The formation of silicon–carbon bonds through the selective coupling of two strong electrophilic bonds has been less developed. We report here silylation reactions that proceed by coupling of strong Si–Cl/C–O bonds in a process that is promoted by chromium catalysis via α-agostic SiH → Cr interactions, allowing the formation of Si–C bonds under ambient conditions. The reactions occur by coupling of inexpensive hydrochlorosilanes with unactivated aryl carboxylic esters to give arylated hydrosilanes, while suppressing the side hydride-mediated reduction of aryl carboxylic esters in achieving high chemoselectivity. In addition to monosilylation, both geminal Si–Cl bonds of hydrodichlorosilanes couple with aryl C–O bonds smoothly to afford two Si–C bonds and achieve double silylations. The formation of disilanes by coupling of hydrochlorosilanes with two C–O bonds of diesters is also described. Experimental and theoretical studies suggest that silylation initiates by reaction of hydrochlorosilane with Cr, in which the α-agostic SiH interaction of the SiH group to Cr stabilizes the related intermediate and transition state, leading to cleavage of the Si–Cl bond by Cr with a low barrier to give silachromate.

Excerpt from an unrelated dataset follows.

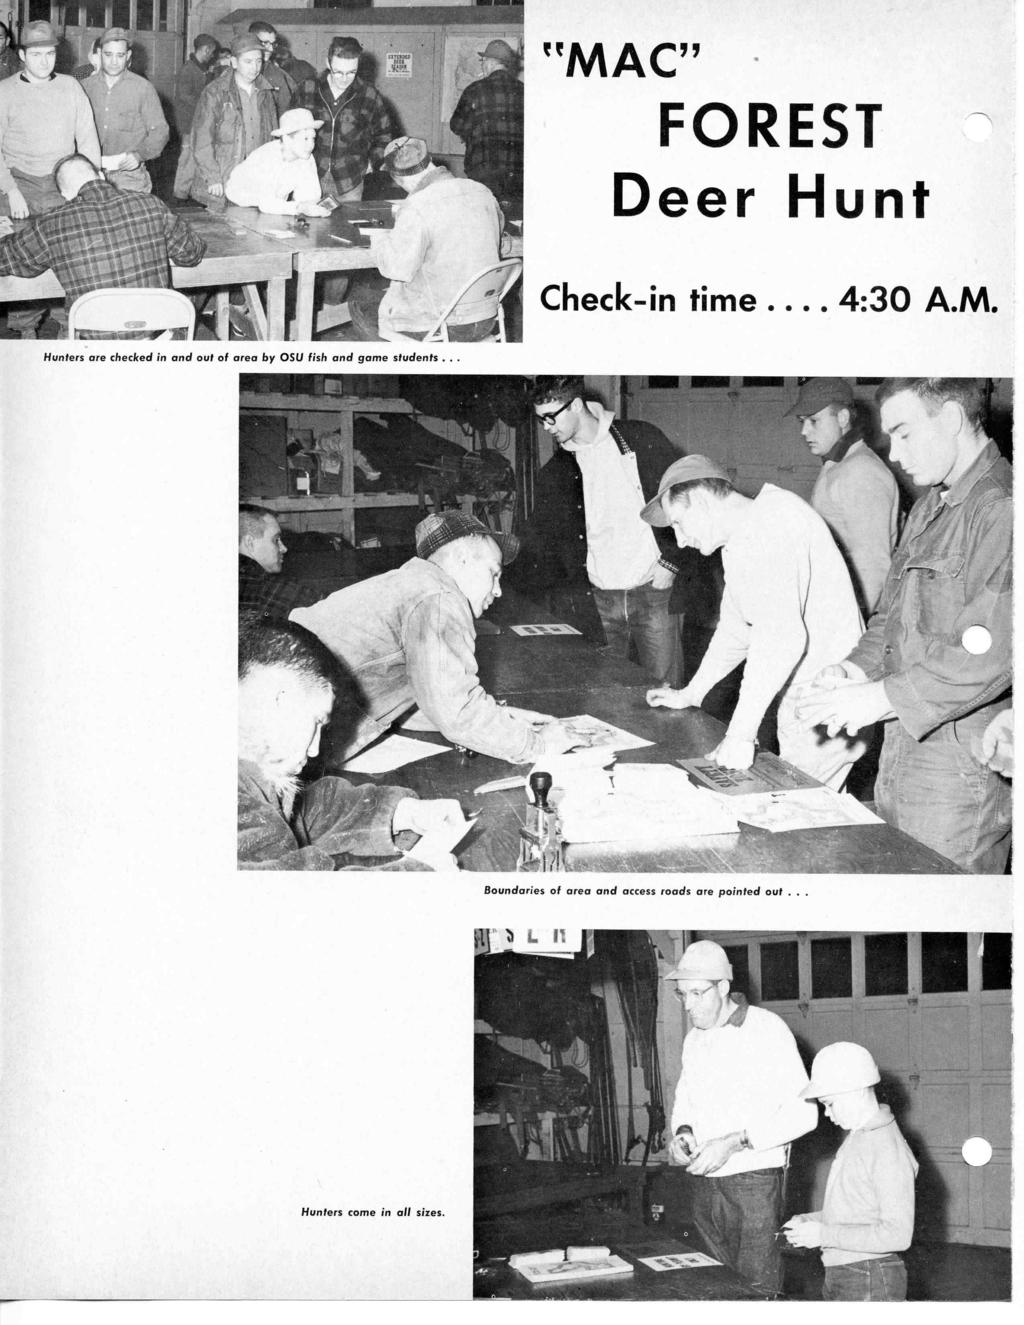 "MAC" FOREST Deer Hunt Check-in time... 4:30 A.M. Hunters are checked in and out of area by OSU fish and game students.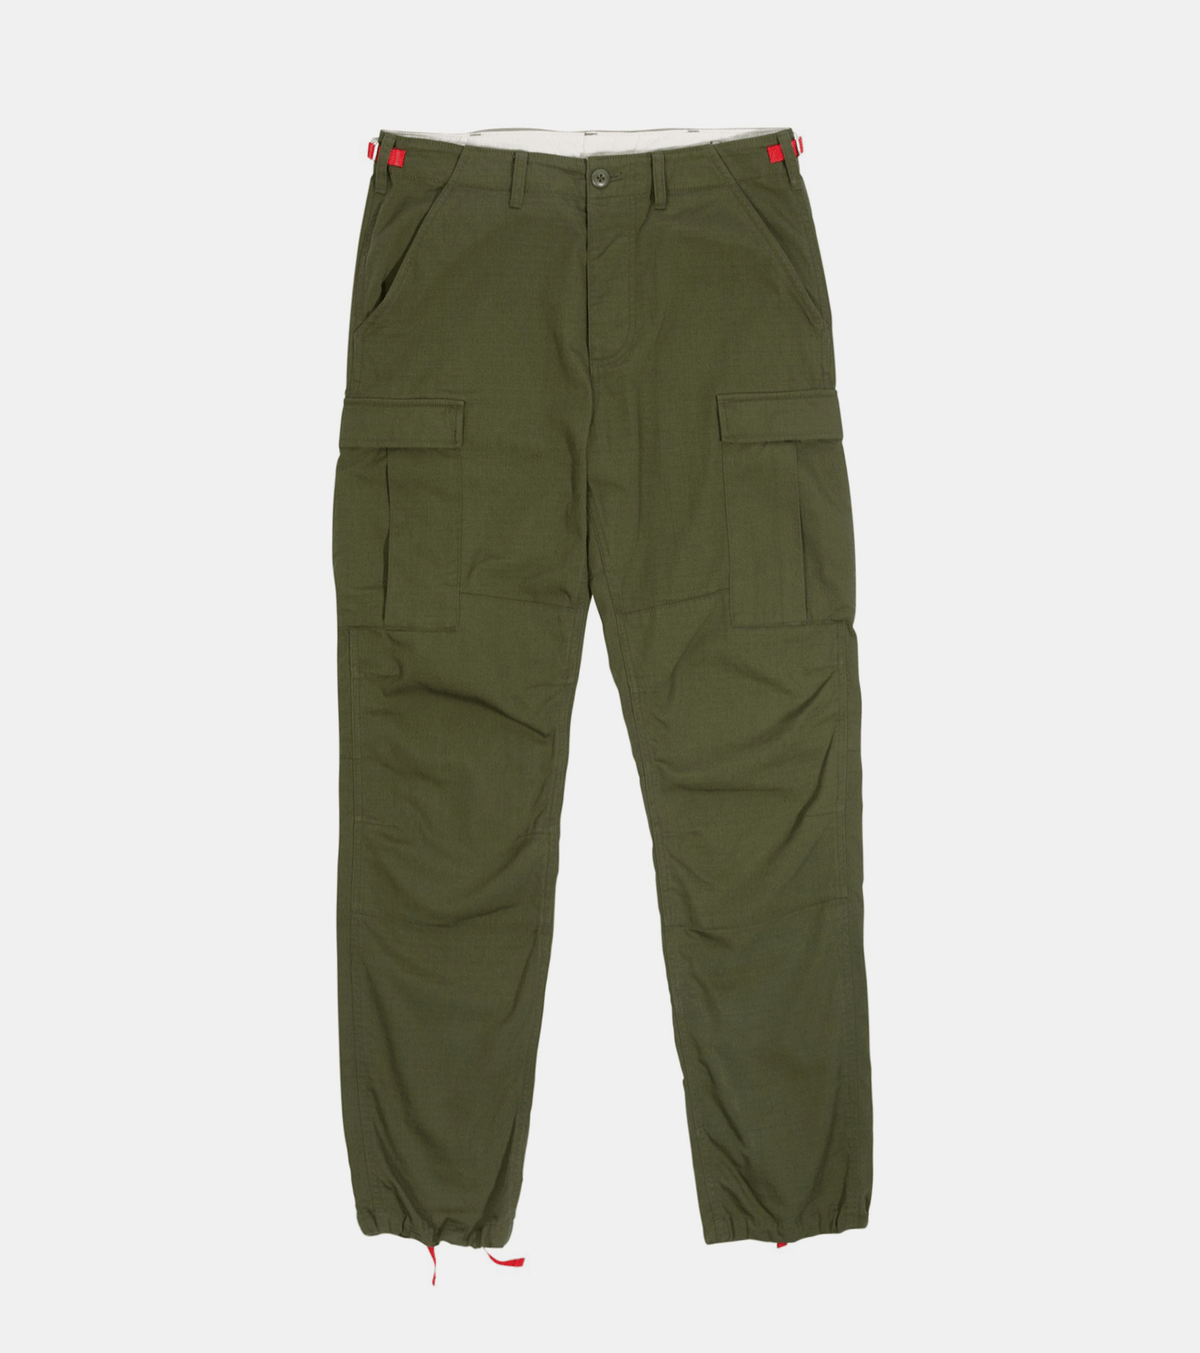 Topo Designs Military Cargo Pants Large 32-34 / Olive | AT EASE SHOP

Further breaking of an unactivated C–O bond with Cr occurs along with the agostic interaction, which may serve as the rate-determining step in silylation. The observation of a normal second-order kinetic isotope effect indicates the effect of the agostic SiH → Cr interaction on the rates of coupling. Because reactive SiH groups of hydrochlorosilanes are retained in silylation, the approach provides a viable strategy to access tetraorganosilane motifs through late-stage hydrofunctionalization.